In this study, we tested whether different aspects of comparisons to peers will influence the number of saving and spending habits people predict they would use. For example, will people be more willing to try new habits if they are told that they are more similar in age and income compared to similar in location? Will people be more willing to try new habits if their peers spend a lot less than they do, compared to a little less than they do? Here, we explored the following key questions:

  1. Do any specific social comparisons affect predicted saving and spending behavior more than others?

  2. Does increased similarity (more comparisons) increase the number of saving and spending behaviors compared to decreased similarity (fewer comparisons)?

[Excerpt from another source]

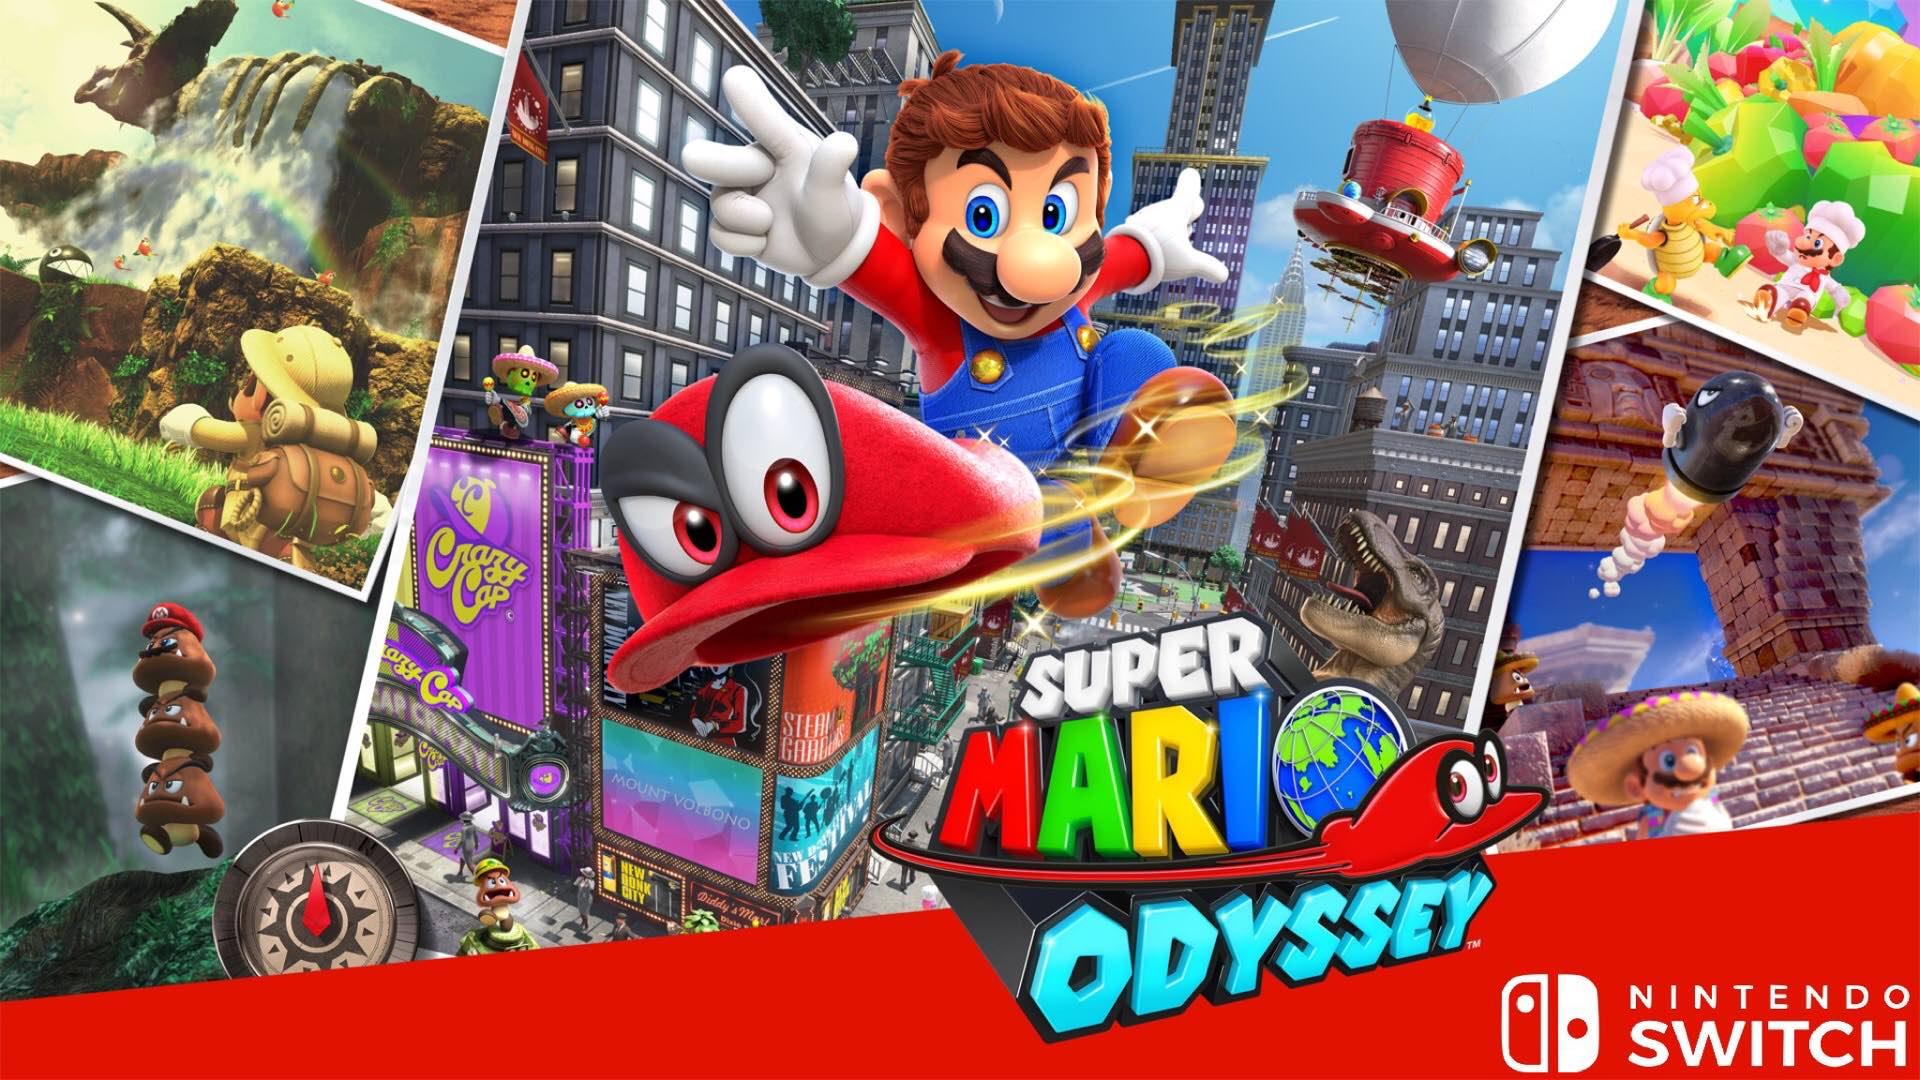 super-mario-odyssey-for-nintendo-switch

  3. Are people more willing to take up behaviors if their peers save a lot more/spend a lot less compared to if their peers save a little more/spend a little less?

Experiment

We ran an online study across approximately 3,500 people in which participants were told to imagine that they had recently downloaded a new mobile phone app that was designed to help them manage their money, and give tips on how to spend less/save more. The study also told them that the app is very popular across the US and already has over one million users.

Participants were then randomized to one of 14 conditions that compared their financial behavior to their peers or to a control condition that didn’t have any social comparison. The treatment conditions varied by social comparison (all of the seven permutations of age, income, and location), distance from desired behavior ($27/$257 from specific save/spend behavior), and frame (spend or save).

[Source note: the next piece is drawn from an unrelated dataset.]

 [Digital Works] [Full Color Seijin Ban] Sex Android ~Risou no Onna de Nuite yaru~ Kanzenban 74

Participants were then given a number of different tips to save money or reduce spending, and asked to select all of the ones they would try in the following week, and predict how successful they would be at increasing their savings or decreasing their spending.

Results

We examined whether the type and number of social comparison aspects affected the number of tips people predicted they would use and their anticipated success at increasing their savings or decreasing their spending.

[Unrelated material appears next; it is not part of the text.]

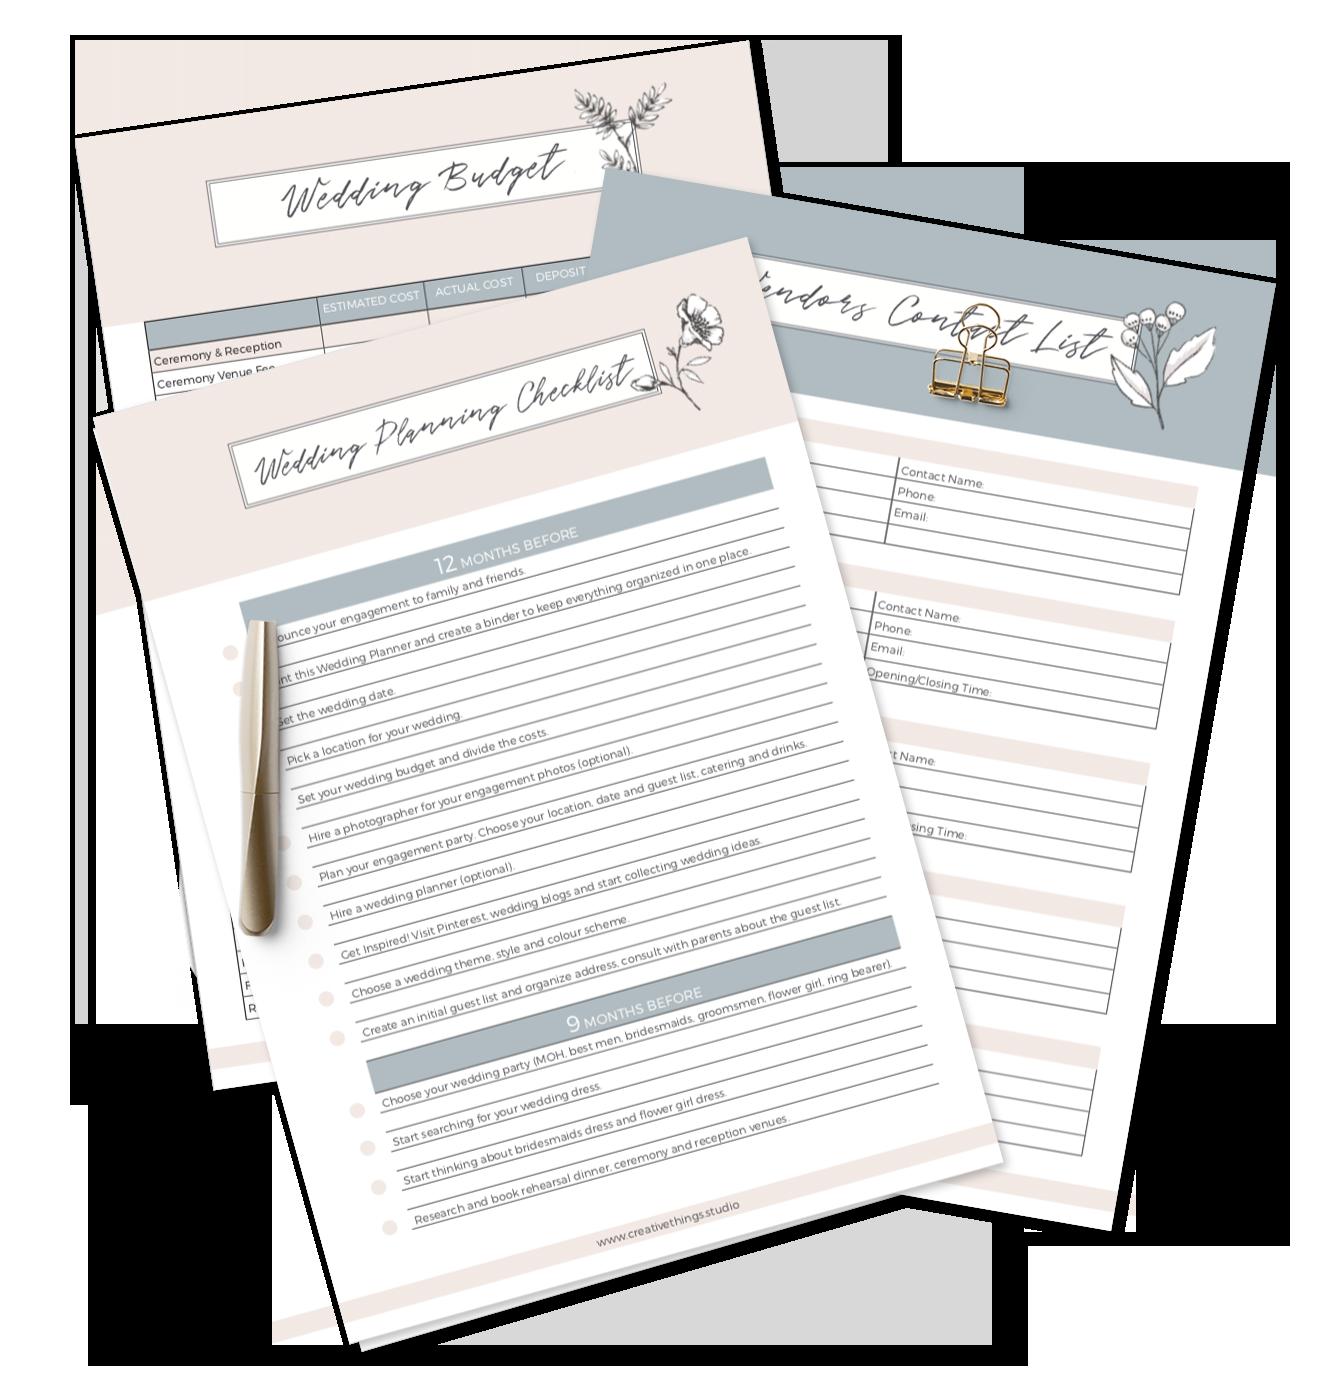 Free Printable Wedding Planner By Creativethings Studio Free Wedding Planner Printables Wedding Planner Printables Free Wedding Printables

In the saving frame, we found no effect of the type or number of social comparisons or of the distance in comparison (your peers were very different or only a little different from you) on the number of tips people predicted they would try. We did find a significant effect of the number of social comparisons and the distance on predicted success in saving more: people who were given a social comparison predicted they would be more successful than those who were not given any comparison (in the control group).

In the spending frame, we found no effect of the type or number of social comparisons on the number of tips people predicted they would try. However, there was an effect of the distance in comparison (your peers were very different or only a little different from you): people who were told that their peers only spent a little less than them selected fewer savings tips than both the control and the group who were told their peers spend a lot less than they do. We did not find any effect on predicted success of curbing spending behaviors.

Because this was an online research study involving hypothetical behaviors, we hope to implement social norms references in our field research to establish whether different comparisons and distances affect real-world spending and saving behavior.